The concept of income-based repayment sounds pretty basic, and fair. The payment term is longer, and requires payments on time. The hope is that some of the 40 million borrowers with a total outstanding balance of $1.2 trillion in student loans can pay back their investment in their education—without being crushed financially.

However, the program has plenty of hoops to jump through. Perhaps the trickiest part is the seemingly constant paperwork involved in qualifying for these types of repayment plans.

Each year, borrowers enrolled in income-based repayment, or Pay As You Earn (PAYE), have to submit financial information. A lot can happen in a year. A promotion, changing jobs, having a baby, and getting married are just some of the life events that change borrowers’ repayment amount because of a shift in their income-to-debt ratio. Marriage is the most common reason some borrowers are seeing their debt substantially less compared to their income, if they file taxes jointly.

In order to take part in these repayment plans, borrowers’ student debt has to be high enough relative to what they are making. The Department of Education provides a repayment calculator where borrowers can see if they qualify. There are actually a variety of options for repayment plans outside of the standard ten year plan.

As the President pointed out in June with regard to the memorandum, the expansion of Income-Based Repayment and Pay As You Earn would “make progress, but not enough.” Today, IBR and PAYE programs account for just 10.5 percent of borrowers in the repayment stage of their loans.

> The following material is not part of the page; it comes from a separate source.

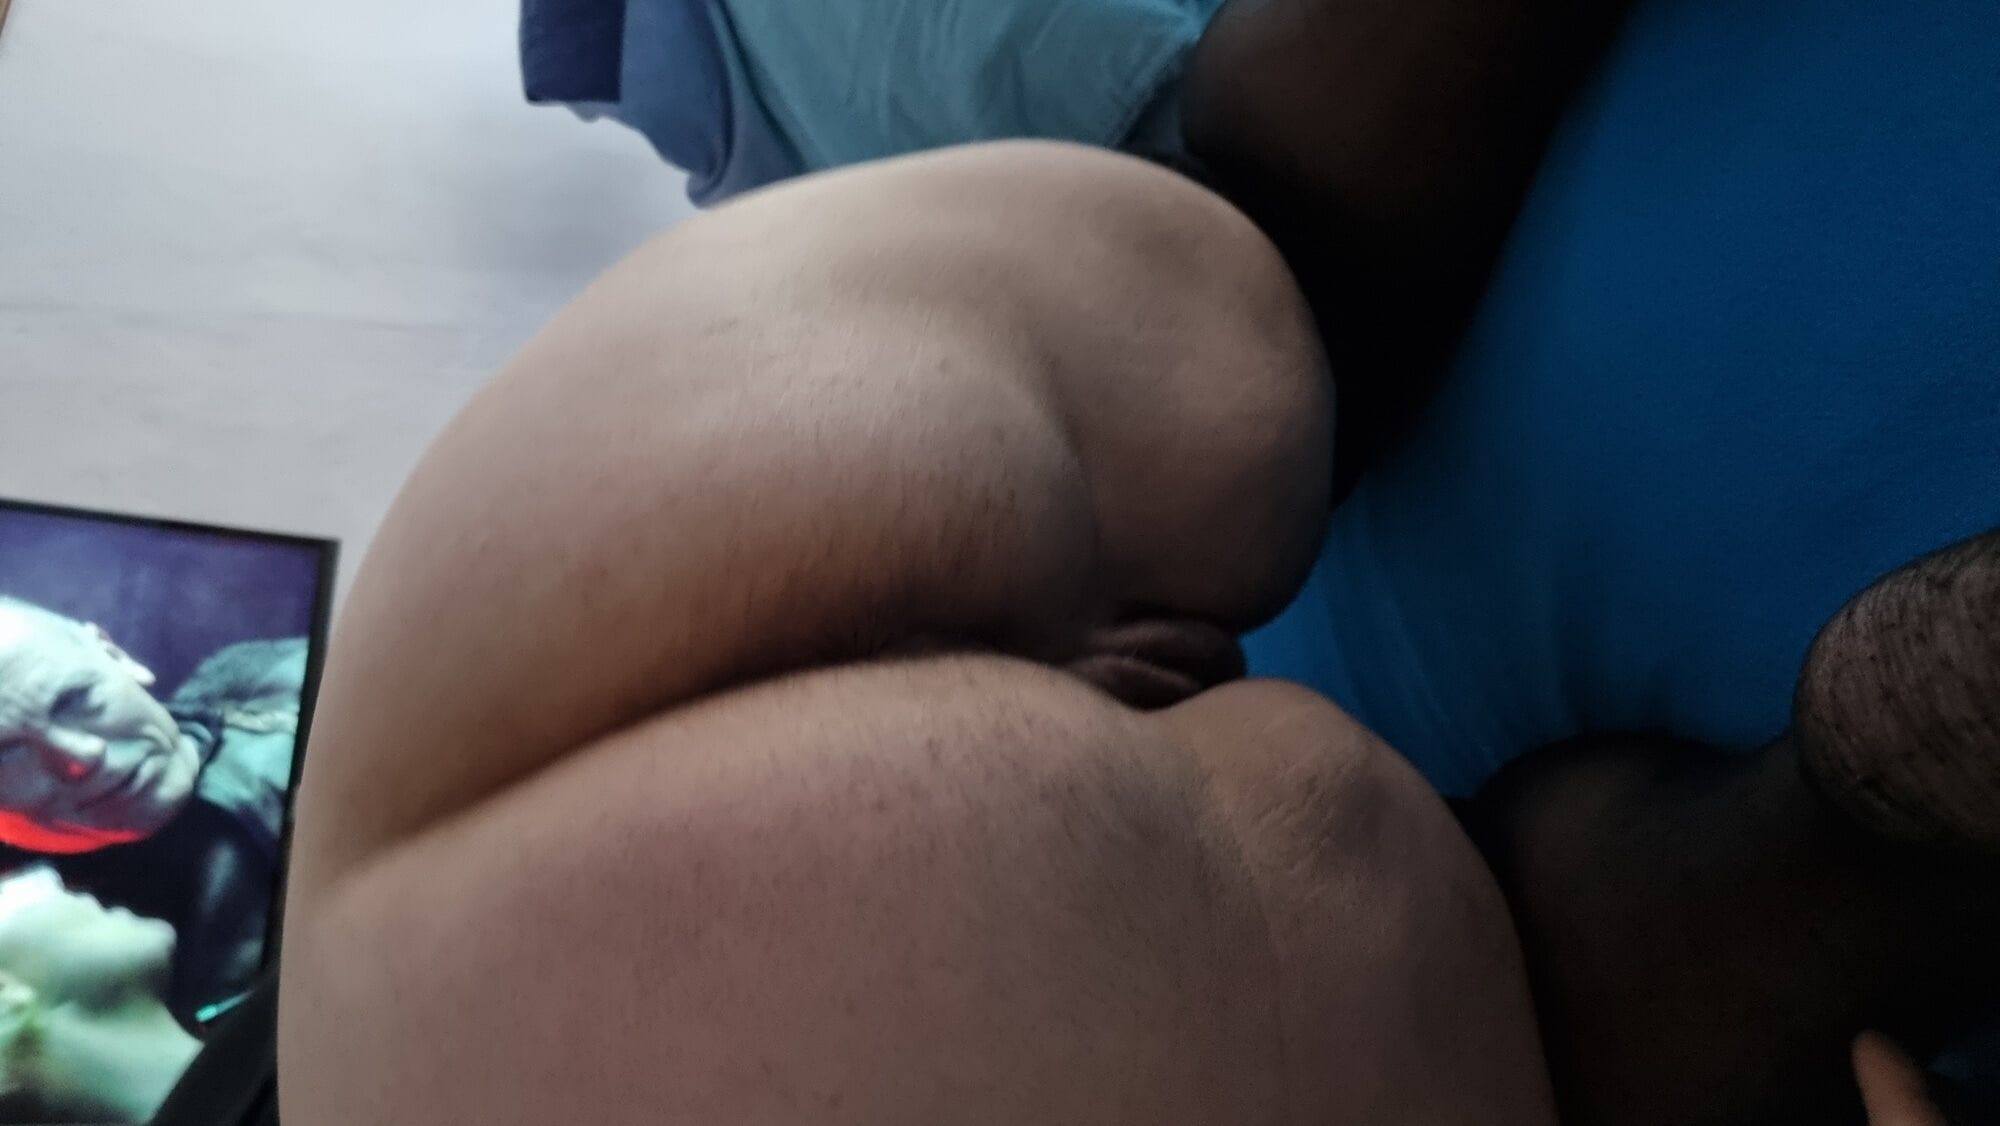 My fat ass wit toy in pussy #5

The paperwork may be a bit of a headache, but many borrowers find the income-based cap on payments incredibly worthwhile. Borrowers can’t be booted from an income-based repayment plan for making too much, but they can if they don’t document their income each year. The benefits are clear, and even middle- to upper-income borrowers are widely eligible. The uptake in these repayment plans is slow—likely due to a lack of awareness or the bureaucratic hassle—but hopefully they can help borrowers allocate money for other aspects of their life.